TASK OBJECTIVE
Repeat the data exactly. Pictures are not part of the copy.

DATASET SECTION
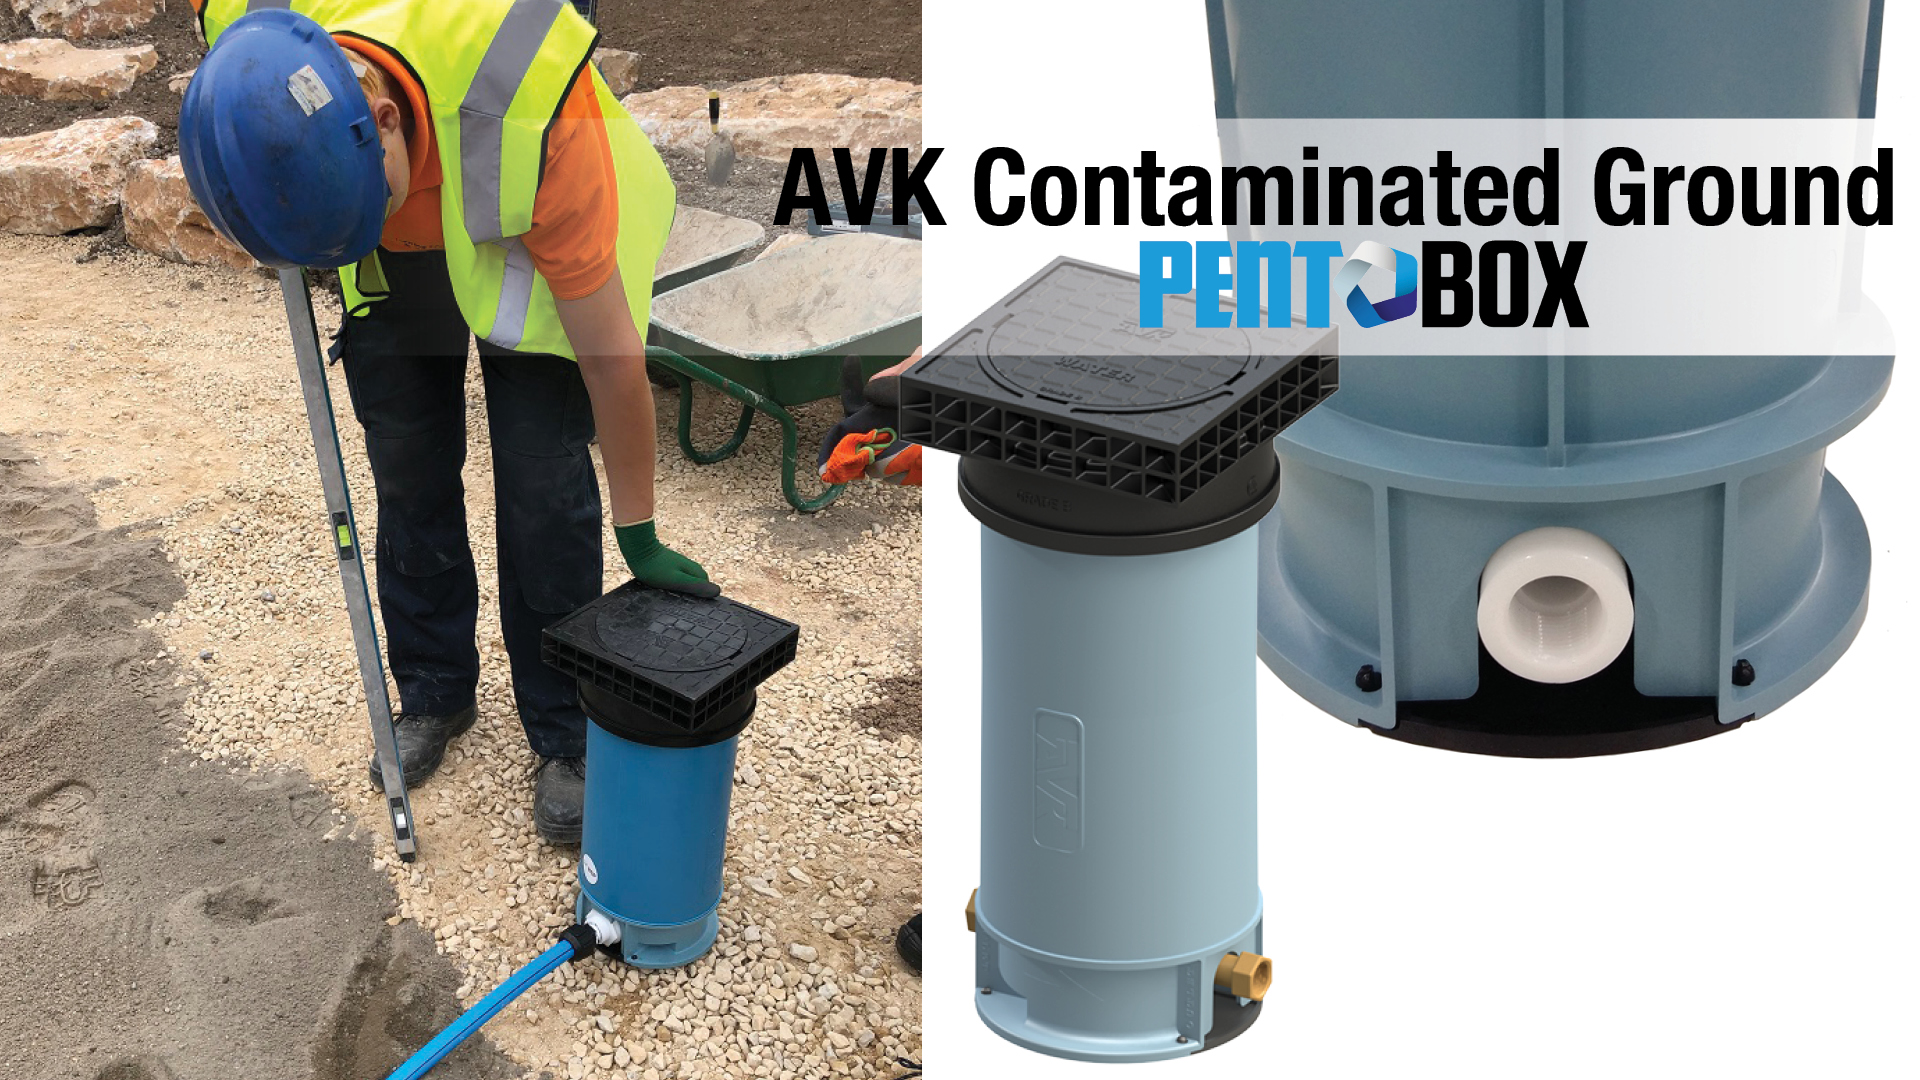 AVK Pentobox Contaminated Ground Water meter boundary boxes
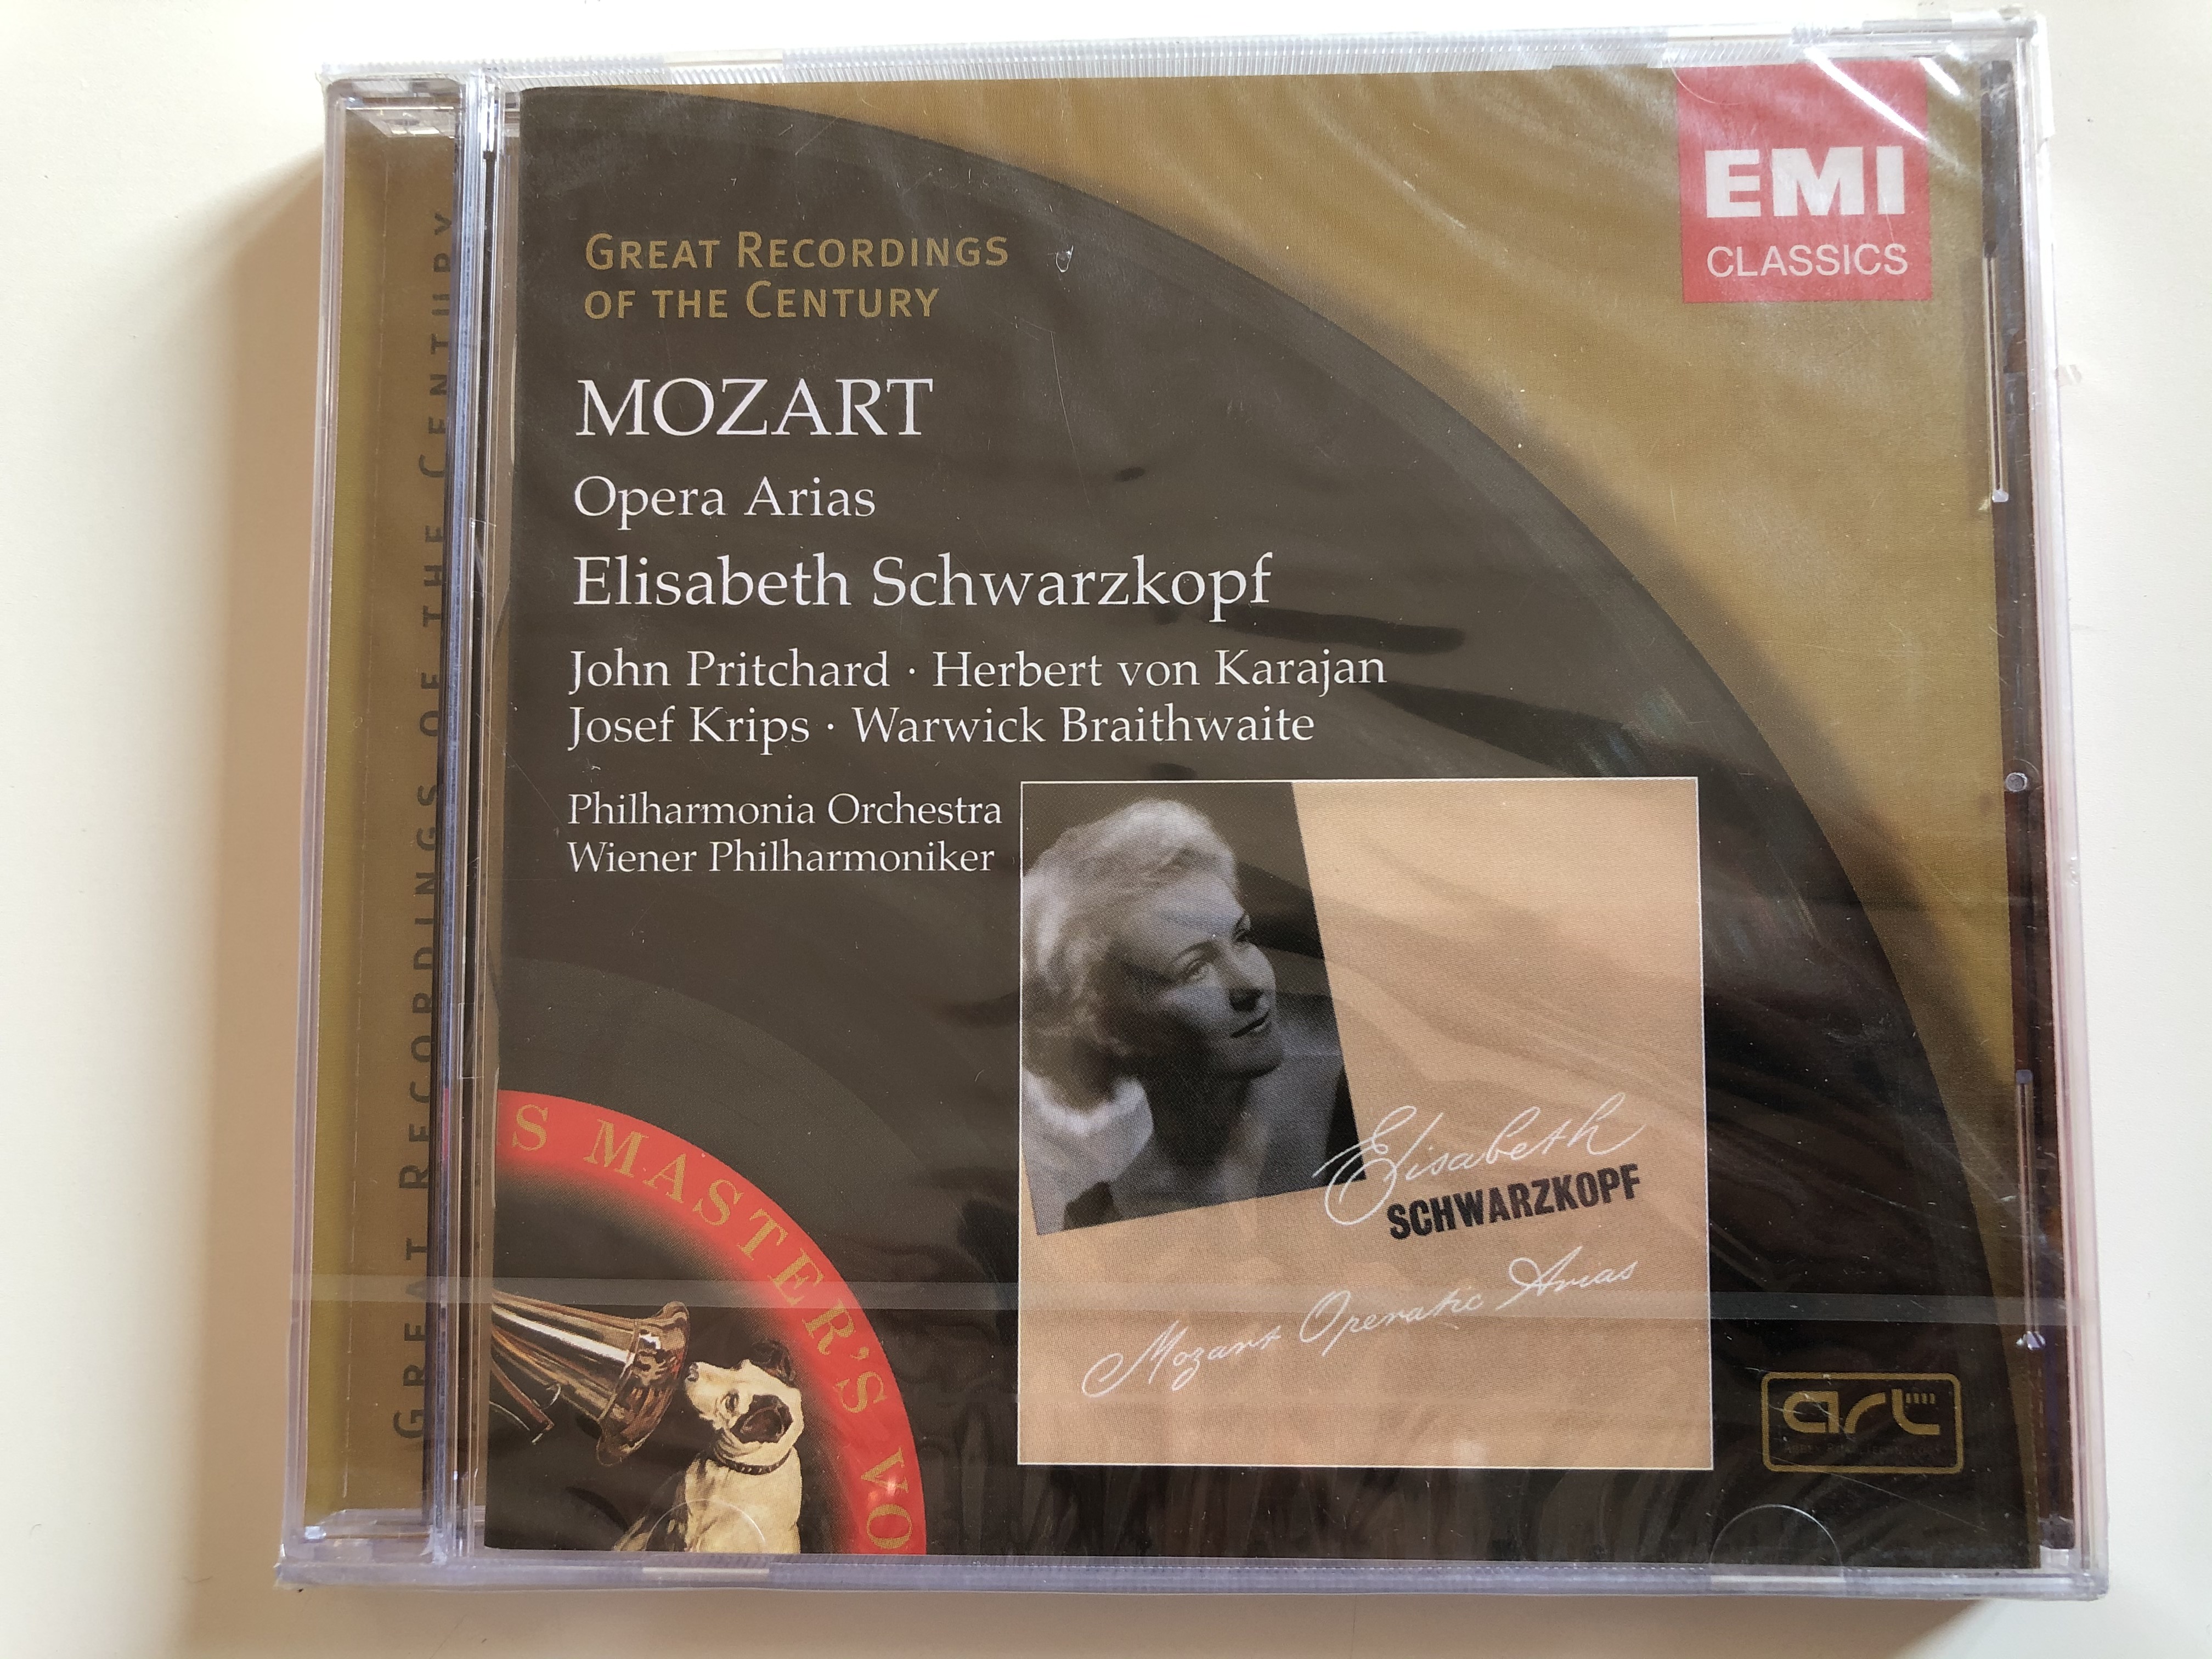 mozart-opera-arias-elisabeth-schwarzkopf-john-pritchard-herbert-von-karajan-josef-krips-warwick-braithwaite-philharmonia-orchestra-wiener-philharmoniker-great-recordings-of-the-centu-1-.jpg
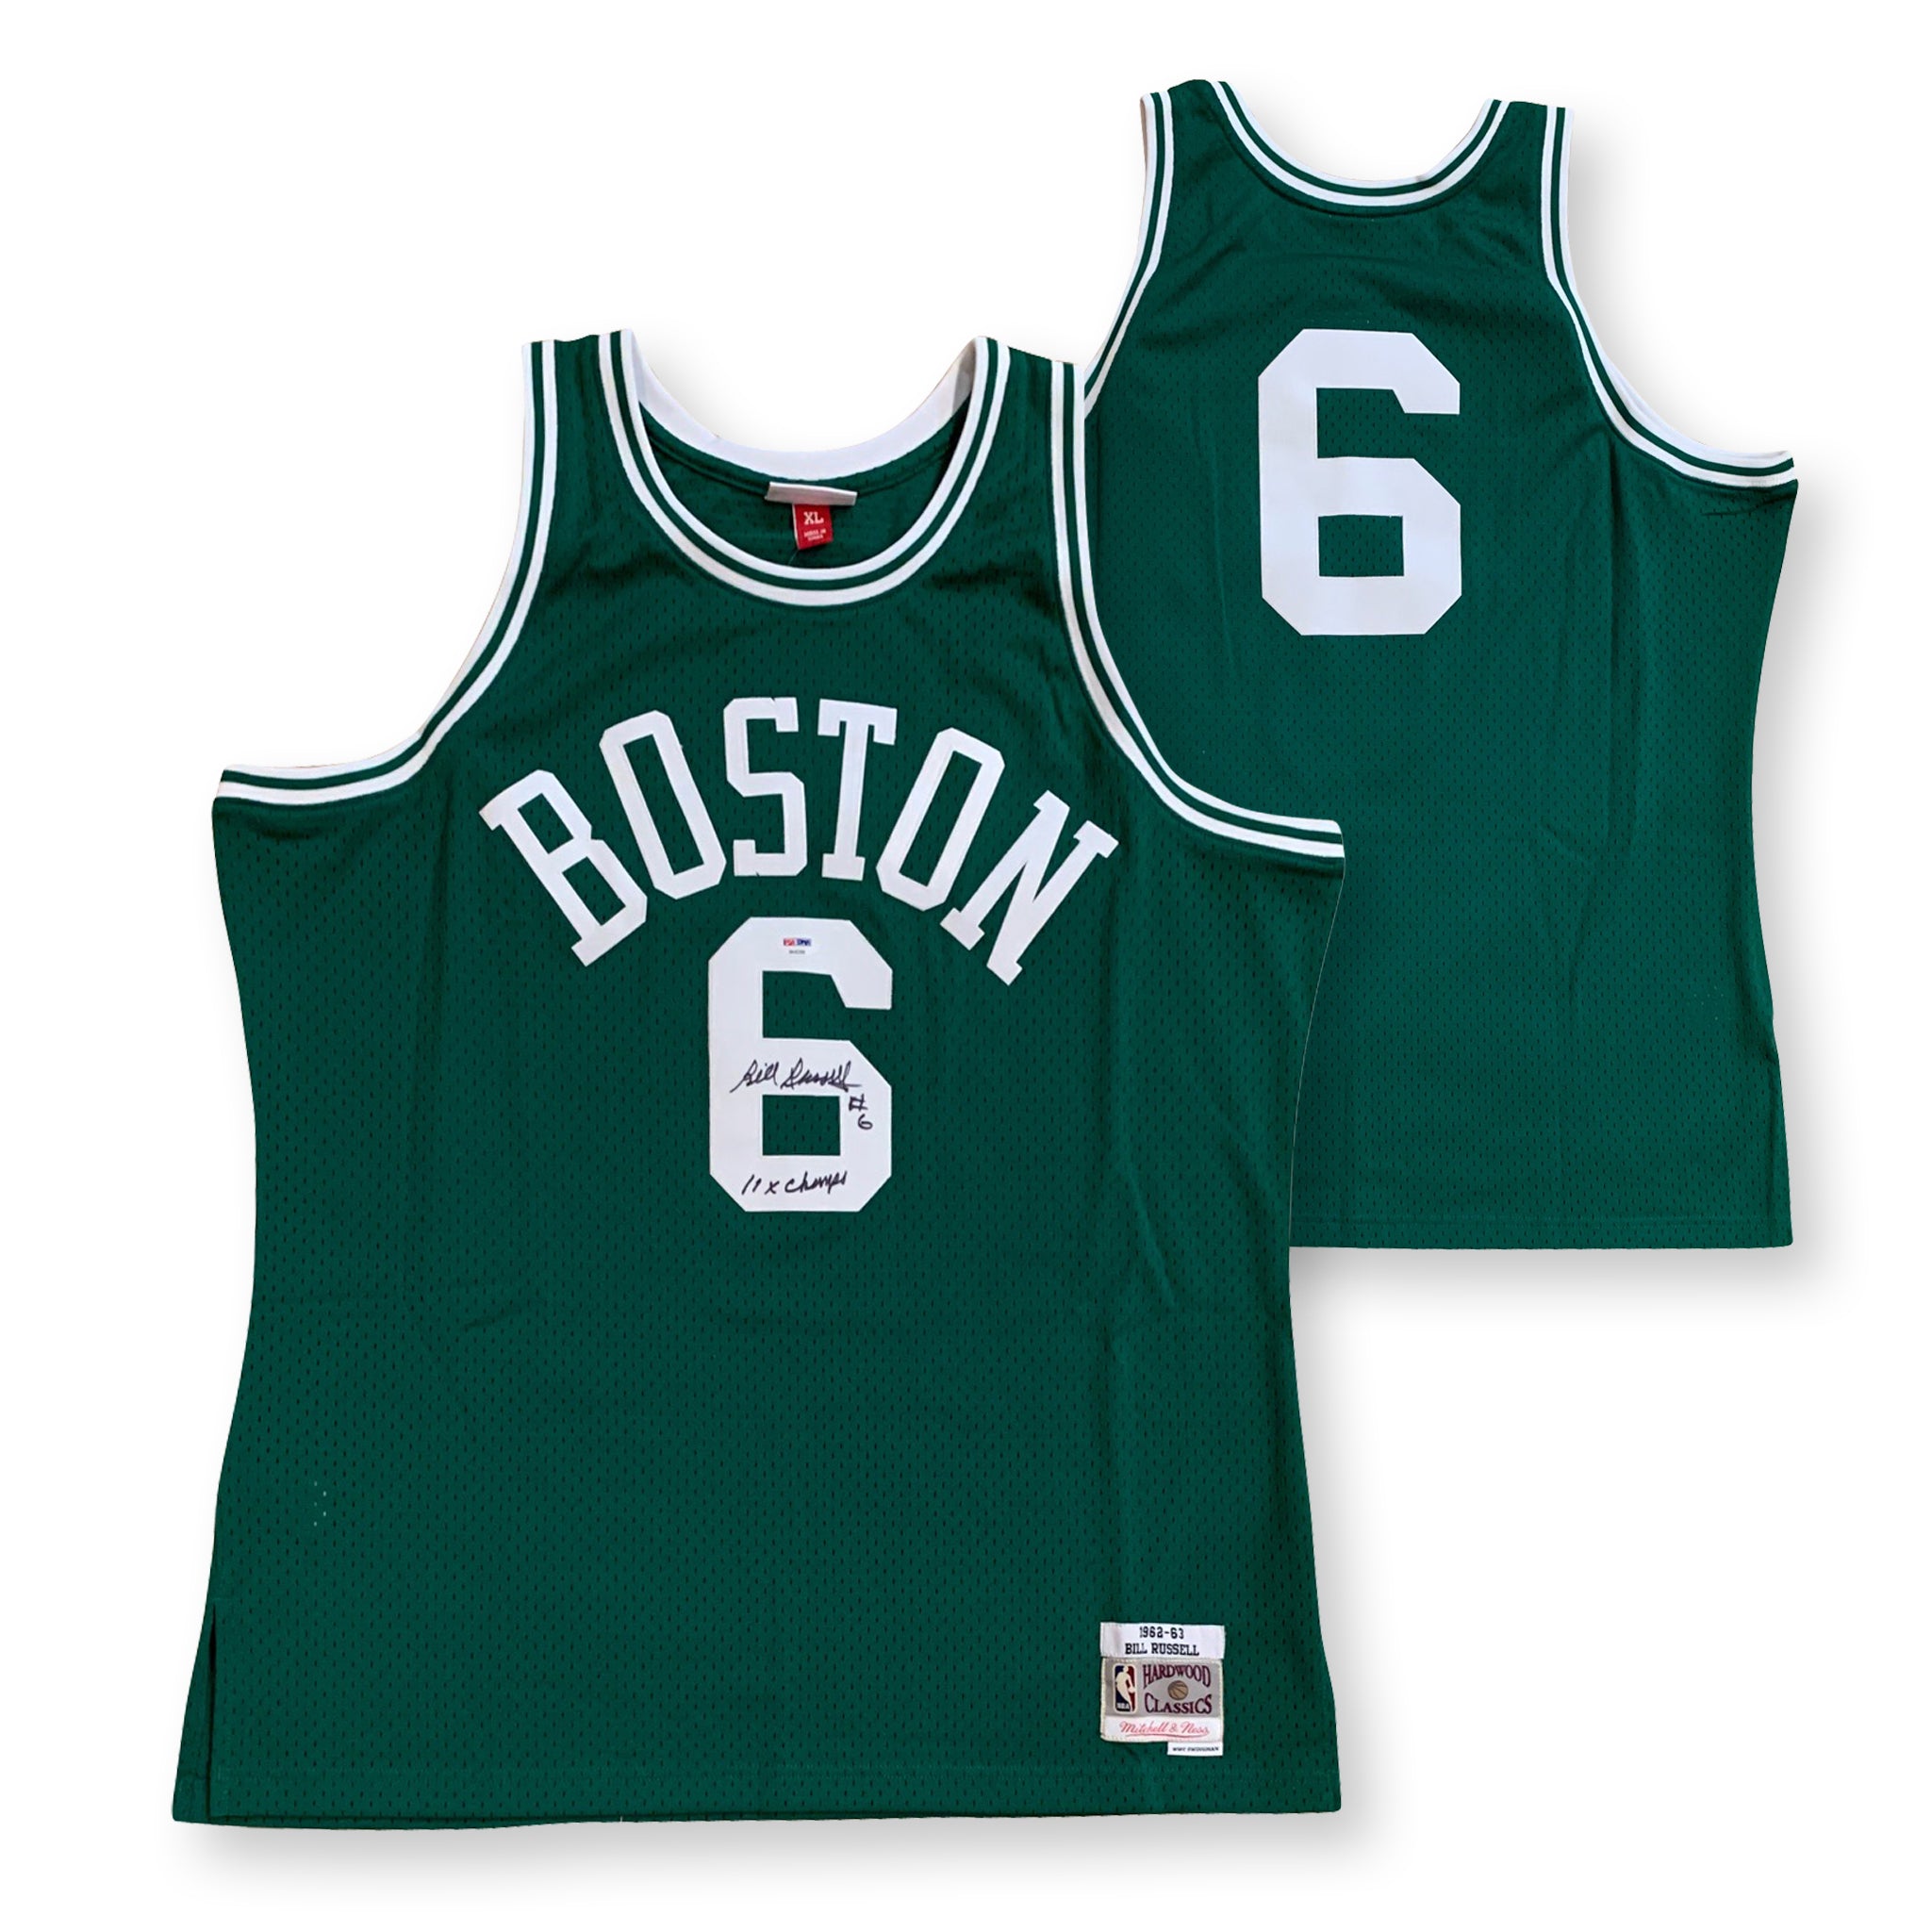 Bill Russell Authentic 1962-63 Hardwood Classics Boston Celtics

EXERCISE RESPONSE
 AVK Pentobox Contaminated Ground Water meter boundary boxes
 mozart-opera-arias-elisabeth-schwarzkopf-john-pritchard-herbert-von-karajan-josef-krips-warwick-braithwaite-philharmonia-orchestra-wiener-philharmoniker-great-recordings-of-the-centu-1-.jpg
 Bill Russell Authentic 1962-63 Hardwood Classics Boston Celtics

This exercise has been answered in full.